Nutritional Benefits

  • Sweet Potatoes: These root vegetables are a powerhouse of nutrition. They are rich in vitamins A and C, fiber, and antioxidants. The natural sweetness of sweet potatoes pairs wonderfully with savory and spicy elements in this recipe.
  • Avocados: Known for their creamy texture and rich flavor, avocados are loaded with healthy fats, fiber, and essential vitamins like vitamin E and K. They add a luxurious creaminess to the dish while boosting its nutritional profile.
  • Kidney Beans: These legumes are an excellent source of plant-based protein and fiber, making the dish hearty and filling. They also provide essential minerals like iron and magnesium.
  • Tomatoes and Parsley: Fresh cherry tomatoes and parsley add a burst of freshness and color, enhancing both the visual appeal and the flavor of the dish. Tomatoes are rich in vitamin C and antioxidants, while parsley adds a touch of vitamin K and folate.

Cooking Tips

  1. Roasting Sweet Potatoes: Make sure to prick the sweet potatoes with a fork before roasting to allow steam to escape. This ensures that they cook evenly and develop a delicious, caramelized exterior.
  2. Avocado Mixture: When mashing avocados, leave some chunks for added texture. This contrast between creamy avocado and the firm kidney beans creates a delightful mouthfeel.
  3. Seasoning: Adjust the seasoning according to your taste.
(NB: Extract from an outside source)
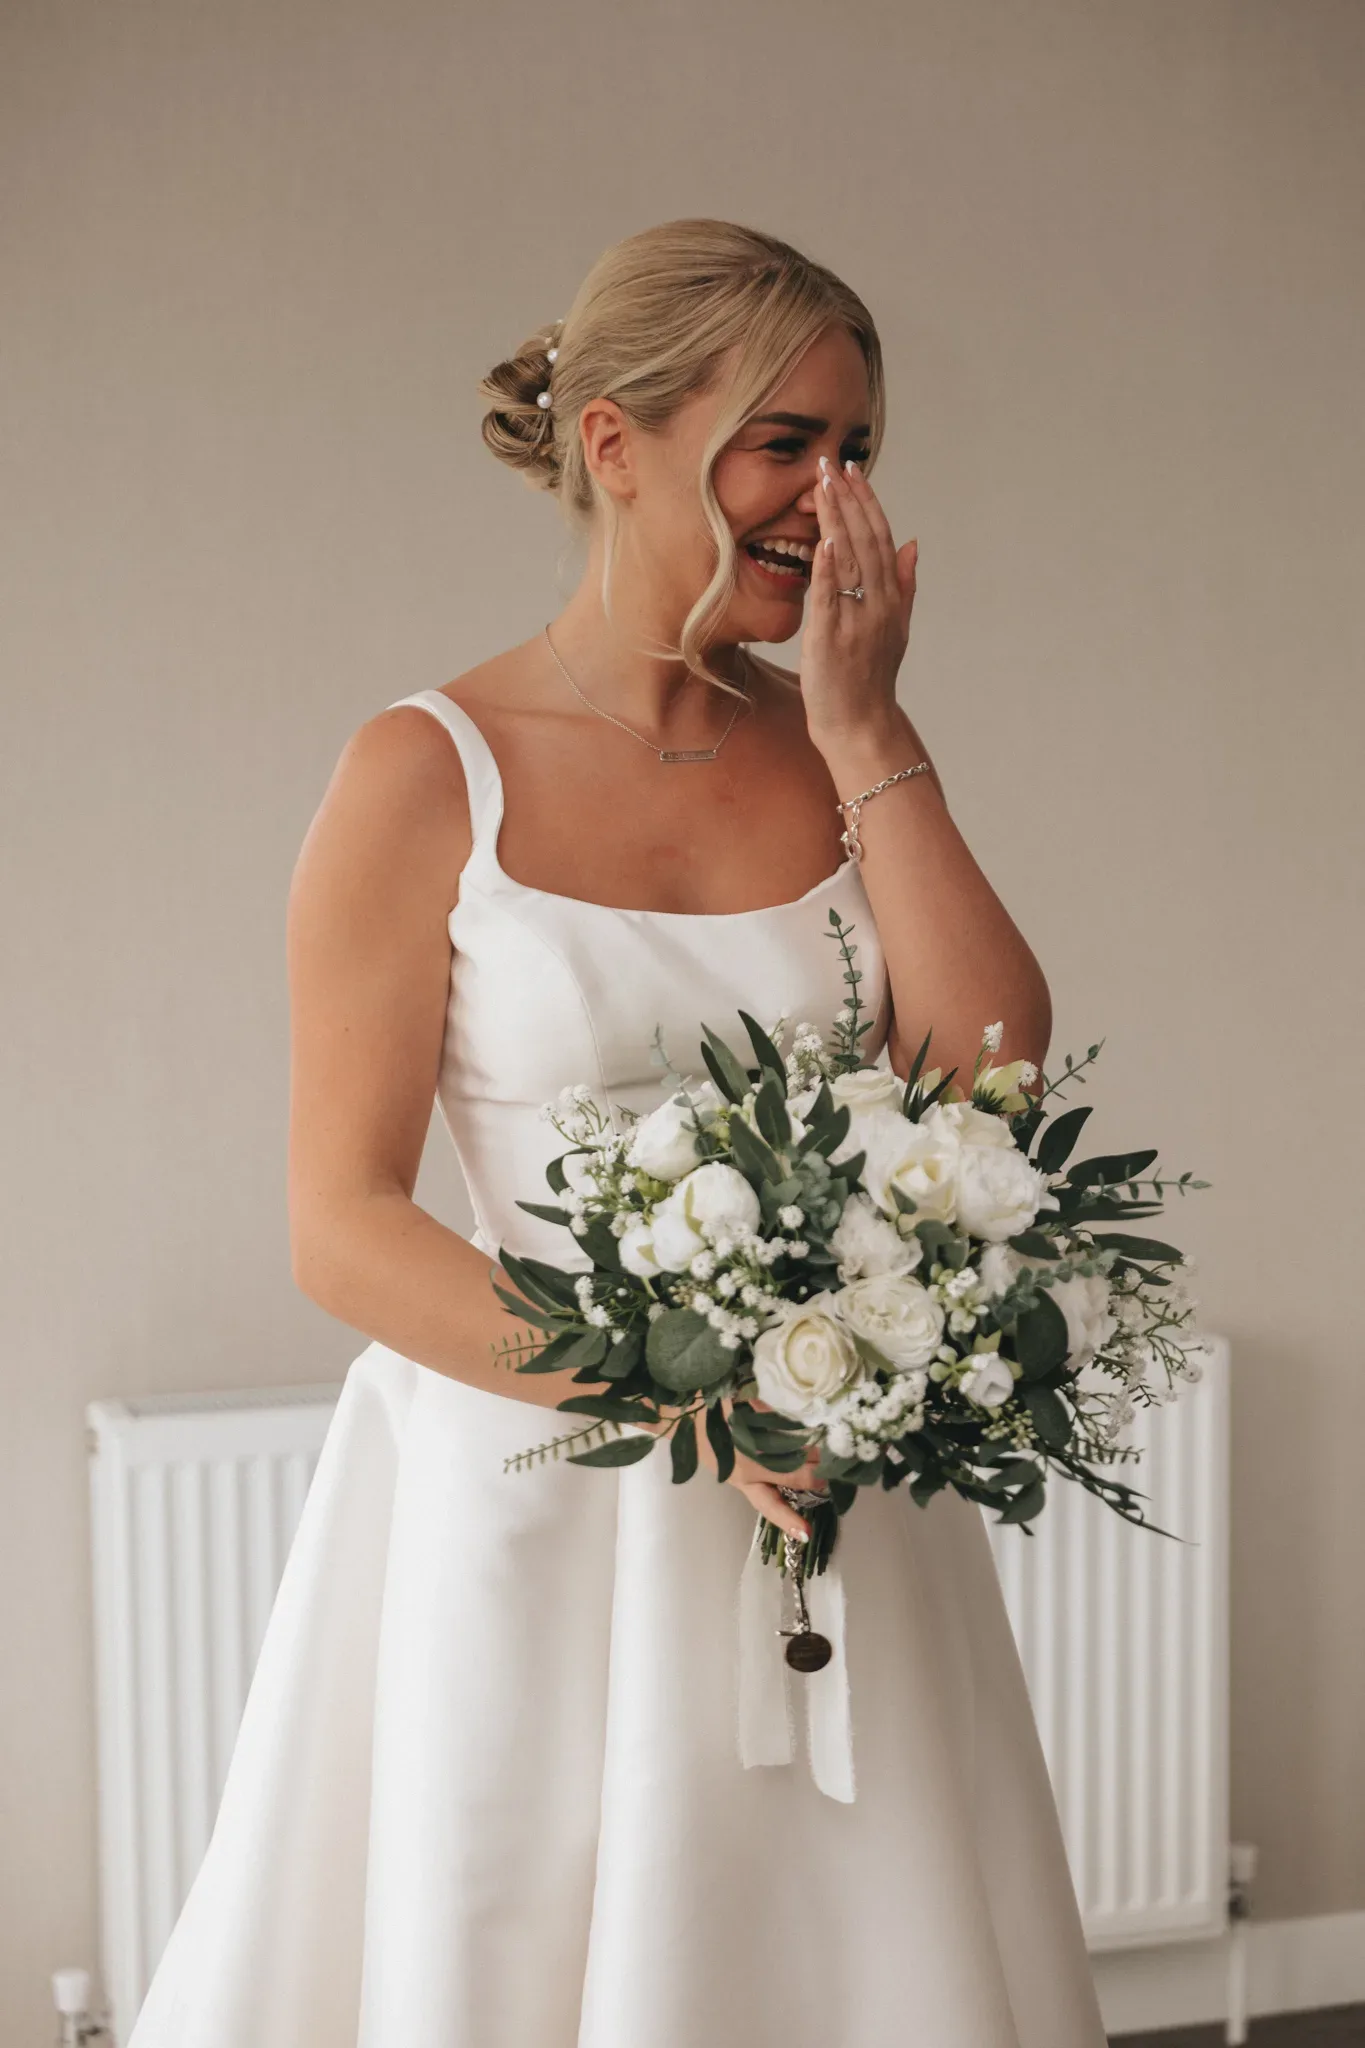 A bride in a white dress with spaghetti straps holds a bouquet of white flowers and greenery, looking emotional and wiping tears from her face, standing indoors with a neutral background.
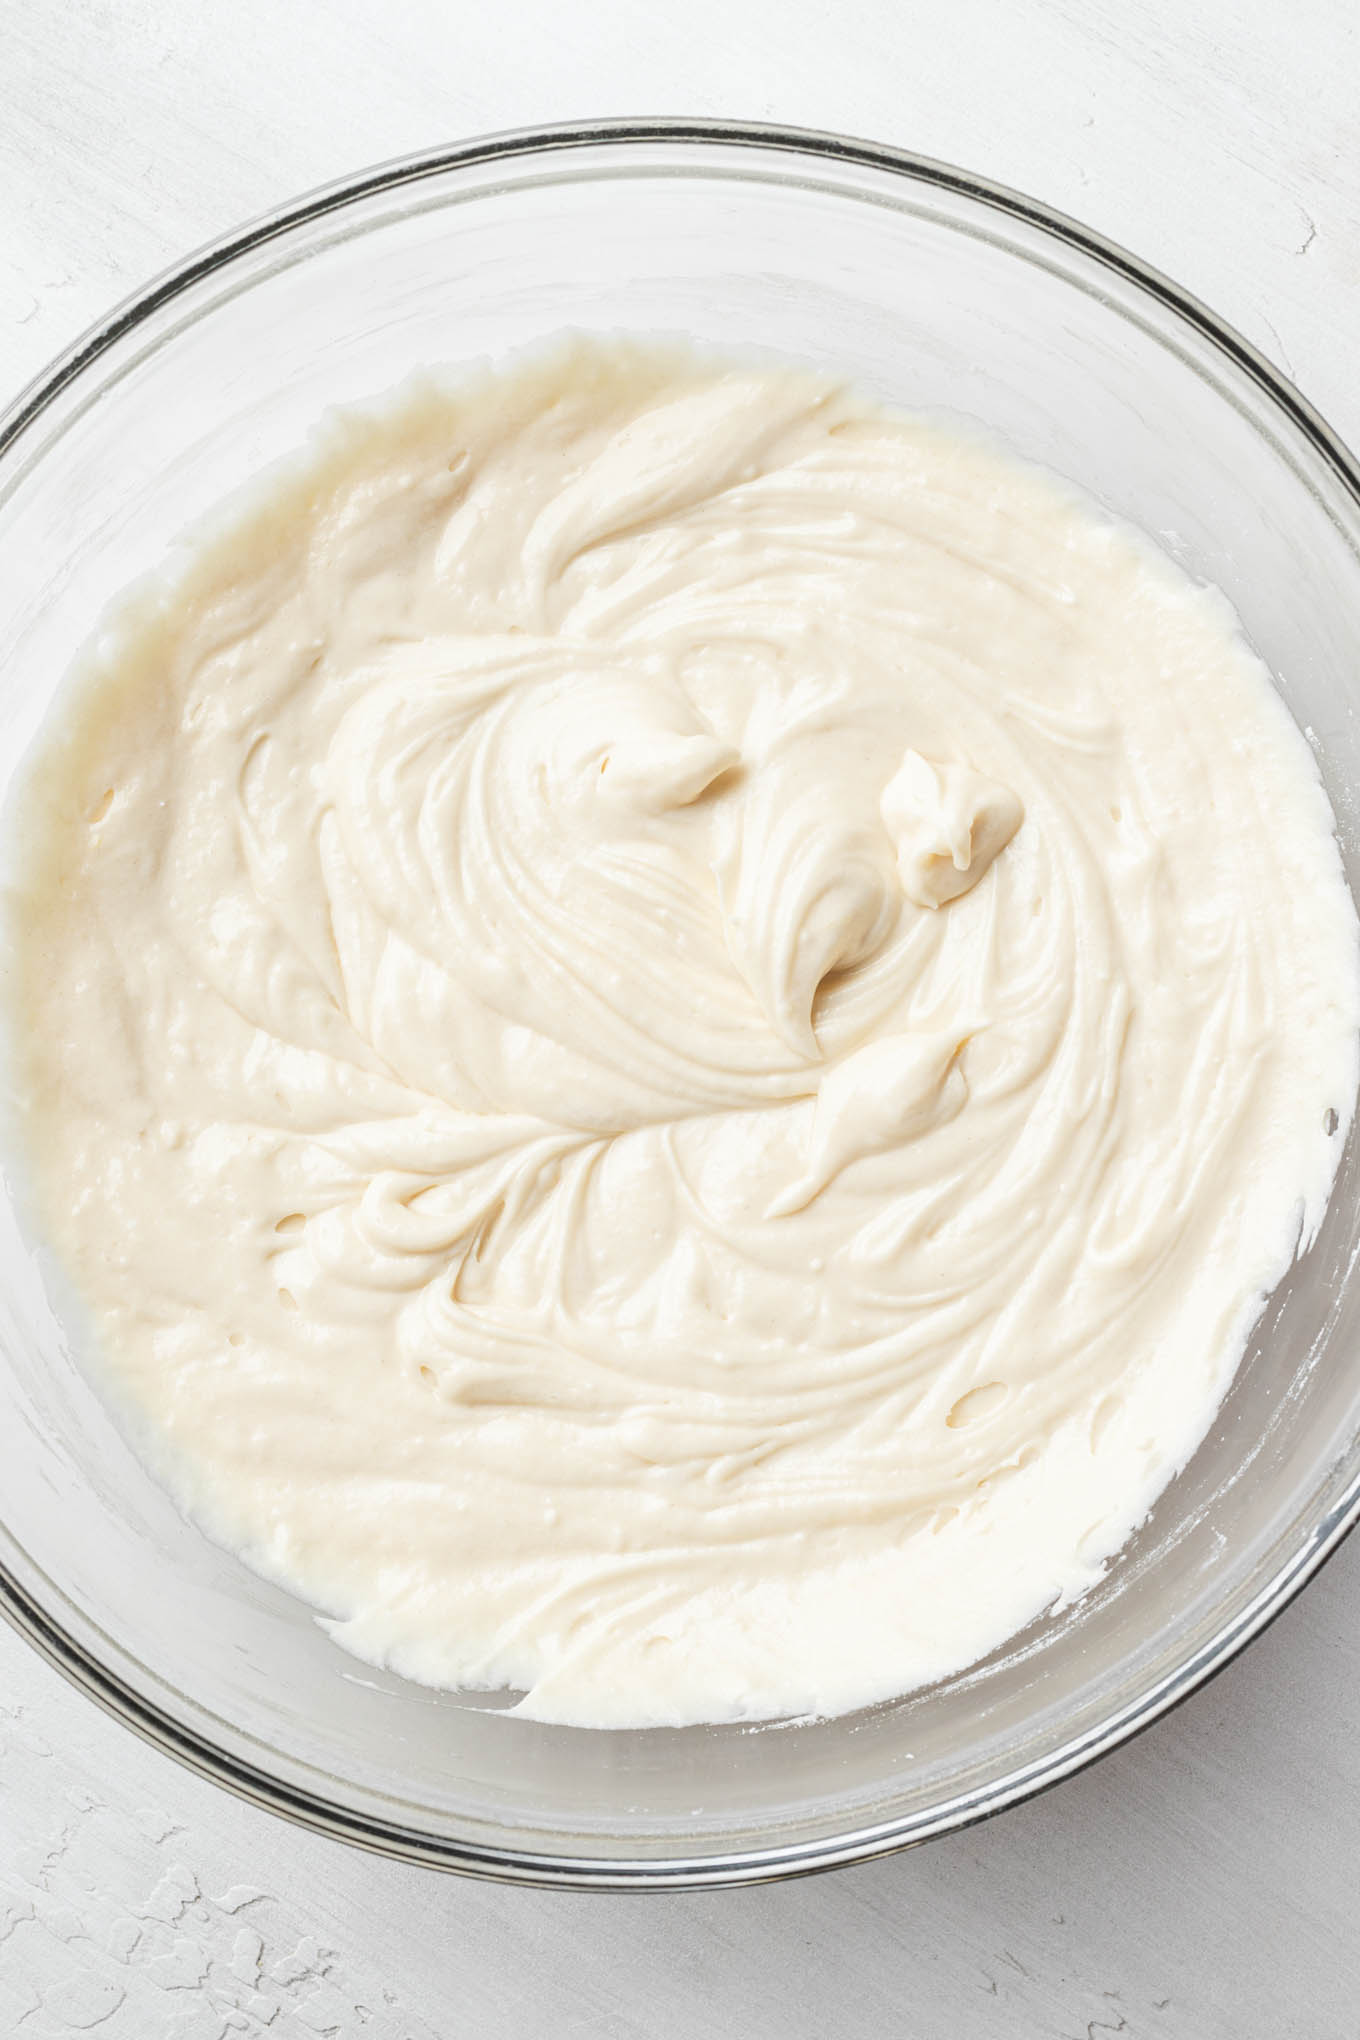 An overhead view of vanilla cake batter in a glass mixing bowl.

Adding a bit more lime juice can enhance the tanginess, while extra chili flakes can increase the heat.

Serving Suggestions

  • Main Course: Serve the stuffed sweet potatoes as a main course for a light and nutritious meal. Pair it with a simple side salad for a well-rounded dish.
  • Side Dish: This recipe can also be a hearty side dish. It complements grilled proteins like tofu or tempeh for a complete vegetarian meal.
  • Toppings: Add a dollop of dairy-free sour cream or a sprinkle of vegan cheese on top for extra richness. A drizzle of hot sauce can also elevate the flavors if you prefer a spicier dish.

Variations

  • Herbs and Spices: Experiment with different herbs like cilantro or mint, and spices like smoked paprika or cumin, to customize the flavor profile to your liking.
  • Proteins: Substitute kidney beans with black beans or chickpeas for a different texture and taste.
  • Greens: Add a handful of fresh spinach or kale to the avocado mixture for an extra boost of greens.

Why This Recipe Works

The combination of baked sweet potatoes and creamy avocado filling is not only visually appealing but also incredibly flavorful. The natural sweetness of the potatoes complements the savory and tangy avocado mixture, creating a balanced and satisfying dish. The addition of kidney beans provides a substantial protein content, making this recipe a complete meal on its own. Whether you are vegan, vegetarian, or just looking to incorporate more plant-based meals into your diet, this recipe is a must-try.